La princesa sin castillo

Ayer llegamos de un pequeño viaje por el sur de Francia que duró 10 días. Además de visitar a unos amigos que viven en Bayonna, nuestro objetivo principal era una vieja pero muy bien conservada ciudad amurallada llamada Carcassonne.

Curiosamente, conocimos Carcassonne por un juego de mesa del mismo nombre que nos dieron como regalo de bodas y que nos tiene fascinados por su original estructura y porque es de esos juegos que invitan a la imaginación, con el que uno se puede hacer su película entre dragones, hadas y condes.

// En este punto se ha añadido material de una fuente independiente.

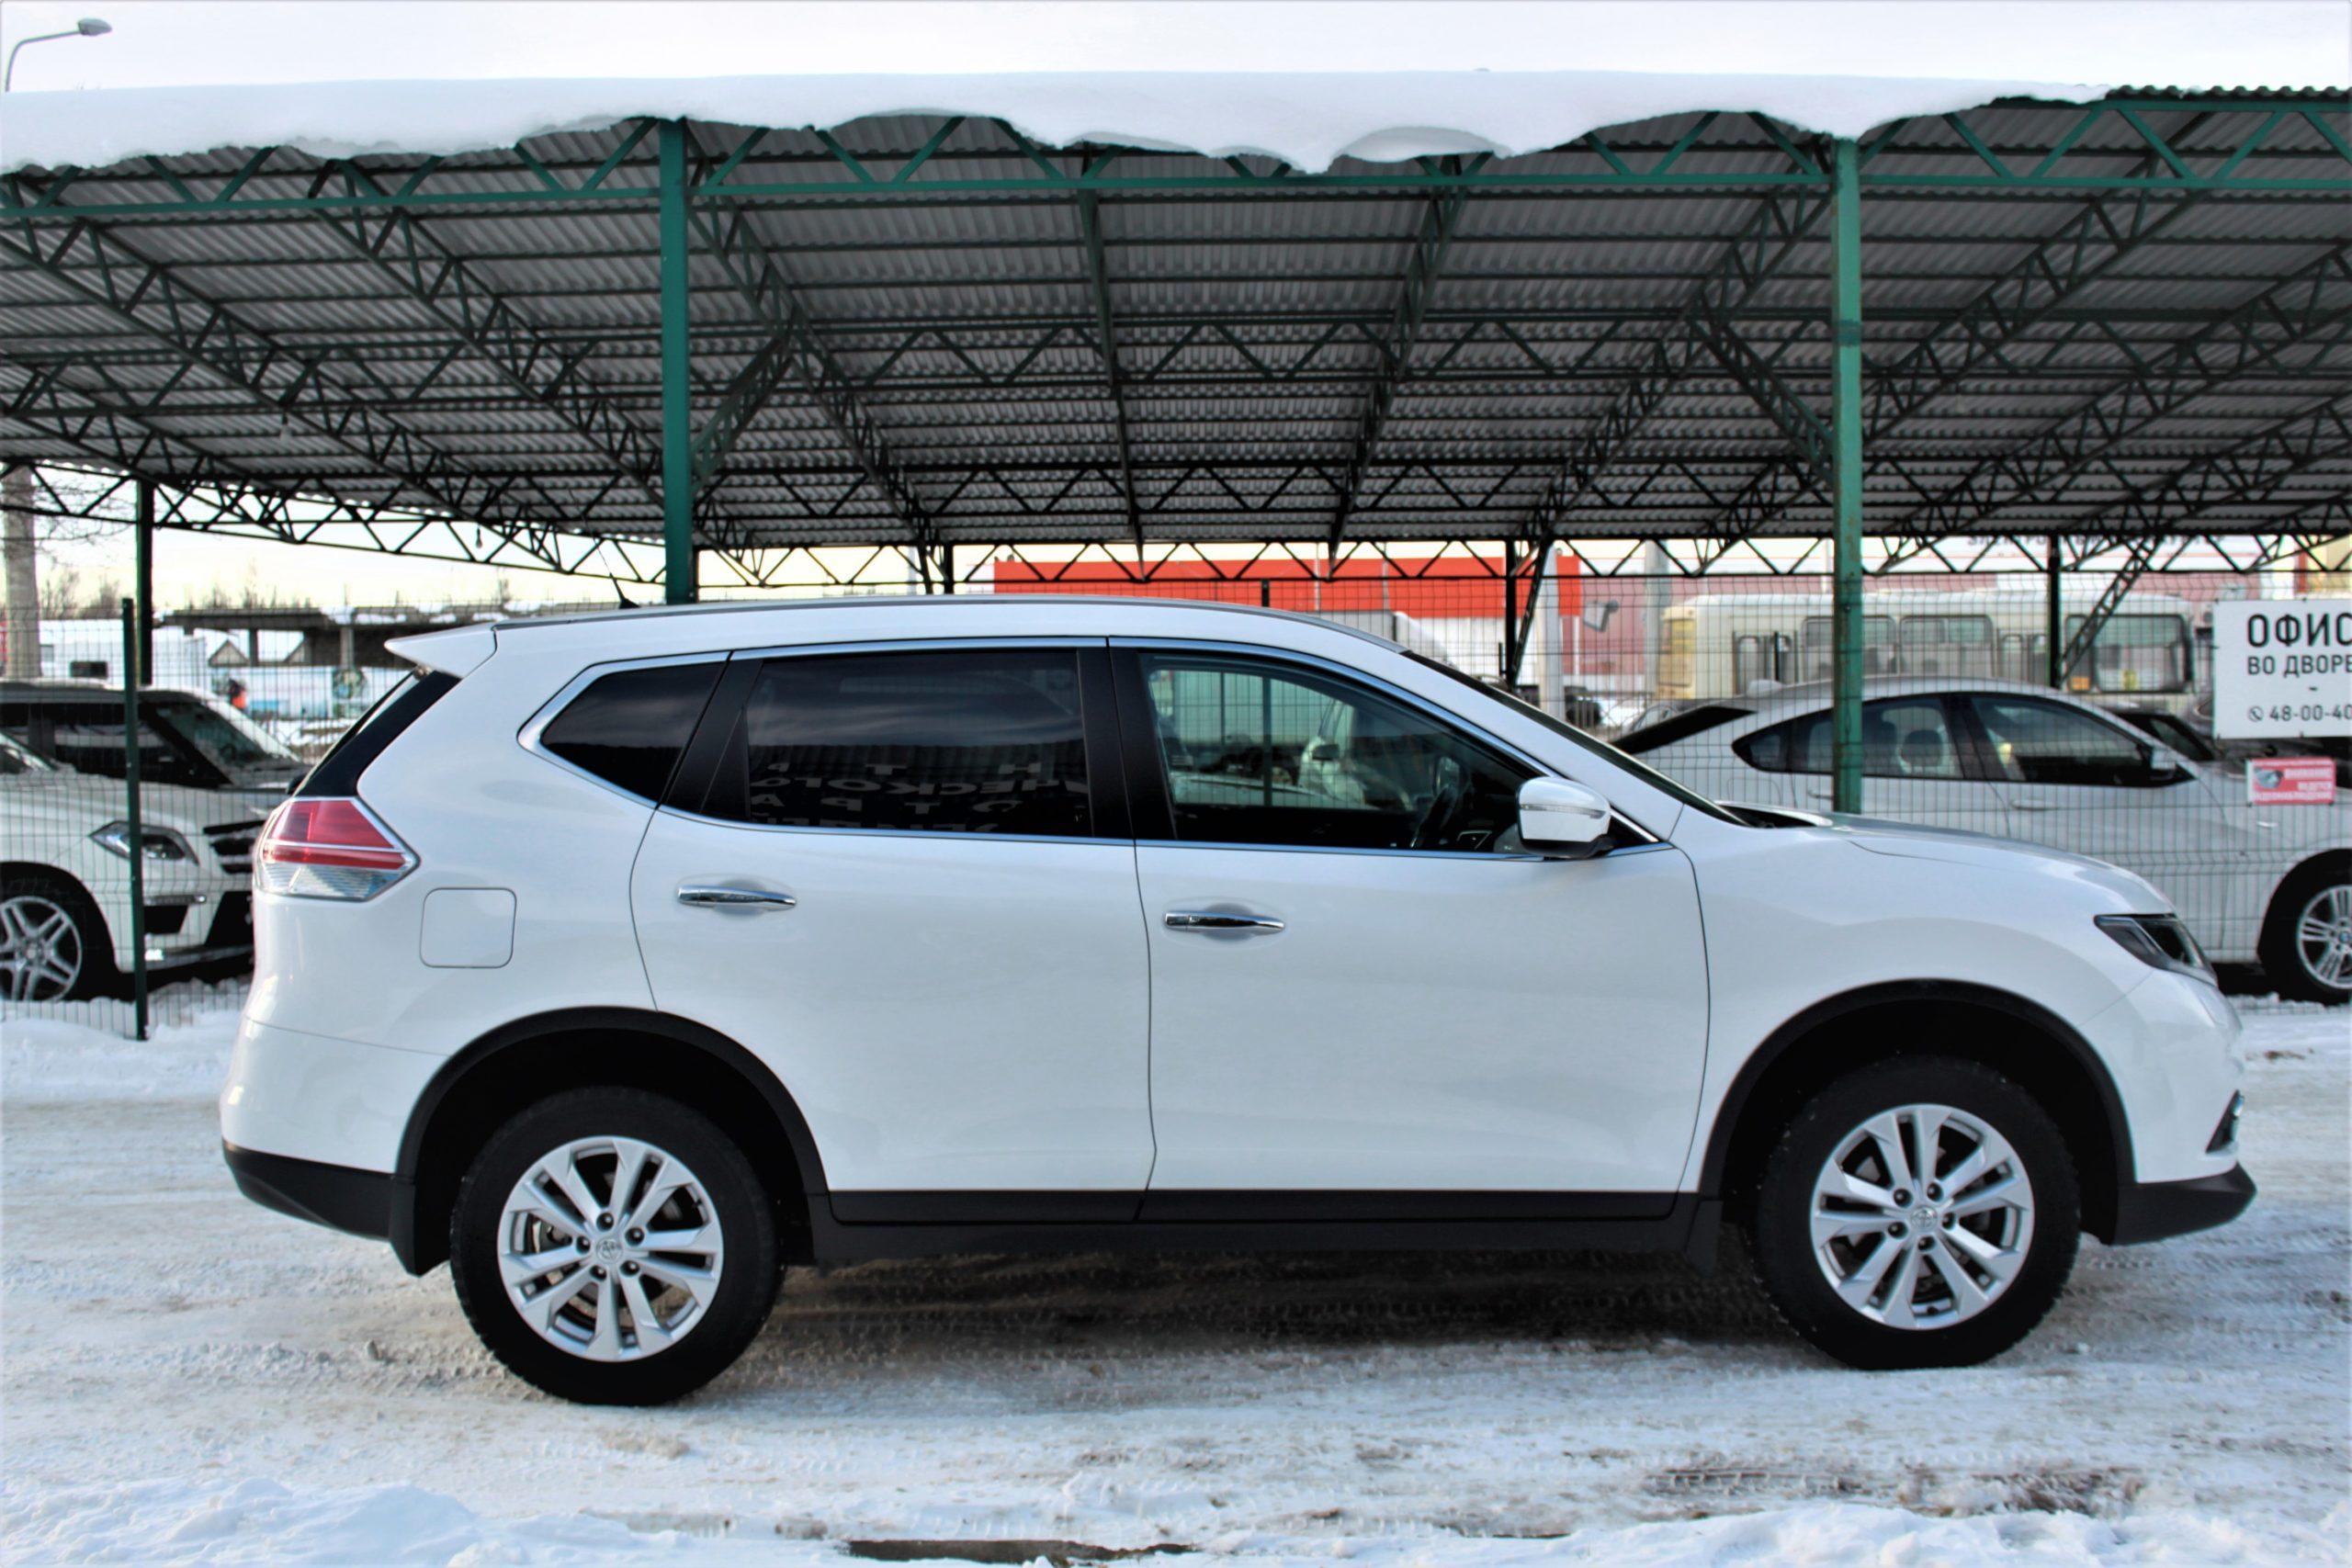 Купить Nissan X-Trail (Белый) - Автопарк Ставрополь

A pesar de las grandes expectativas que teníamos sobre «La Cité de Carcassone» (como la llaman los franceses para diferenciarla del resto de la ciudad), estas fueron ampliamente cumplidas y superadas. Yo, particularmente me sentía como en un cuento. Claro que además del magnífico escenario ayudó la representación que tiene lugar dentro de las murallas: un torneo entre caballeros invitados por el Vizconde de Carcassone, con duelo de espadas, con lanzas a caballo y villano incluido, además de una exhibición de halcones, un águila real y una lechuza.

Al salir de «La Cité» después de un día de encanto estuve pensando ¿Qué tendrá la edad media que nos gusta tanto?, ¿por qué nos atraen con tanta fuerza las historias caballerescas? Y sé lo que están pensando pero no creo que la culpa sea solo de los cuentos de Disney, la atracción por esta época va más allá de la Cenicienta y la Bella Durmiente. Creo que tiene que ver con que resulta bastante atractiva la idea de vivir como reyes, con todo ese increíble despliegue de seguridad constituido por más o menos unos mil o dos mil guardaespaldas a nuestro servicio.

Pero la verdad de la verdad es que pocas veces se nos ocurre pensar que si viviéramos en la edad media muy probablemente no seríamos uno de esos cuatro agraciados que nacieron reyes, seguramente, y por una cuestión clara de estadística, nos tocaría ser uno de esos miles de campesinos, herreros o alfareros porque de esos sí había a montones.

La edad media era una cuestión de familias, de tres o cuatro familias que se tenían bien repartido el pastel, pero por alguna extraña razón los fanáticos de esta época siempre tendemos a pensar que nosotros perteneceríamos a alguna de ellas y no nos damos cuenta de que ya tendríamos suerte si sobreviviéramos a esa niñez de perros con muy pocos cuidados, a las miles de epidemias e invasiones que eran el pan de cada día y aún si llegáramos a nobles caballeros, siempre cabe la posibilidad de que nos atraviesen con una lanza a la primera de cambios.

Pero después de pensar en todo esto…. si tengo que decir la verdad, yo seguiré soñando con ser la princesa del castillo perdido, aunque tenga que cambiar la televisión por laudes y los pantalones por cortinas-vestido ceñidas a la cintura. Eso sí, nomás hasta las doce de la noche como la Cenicienta.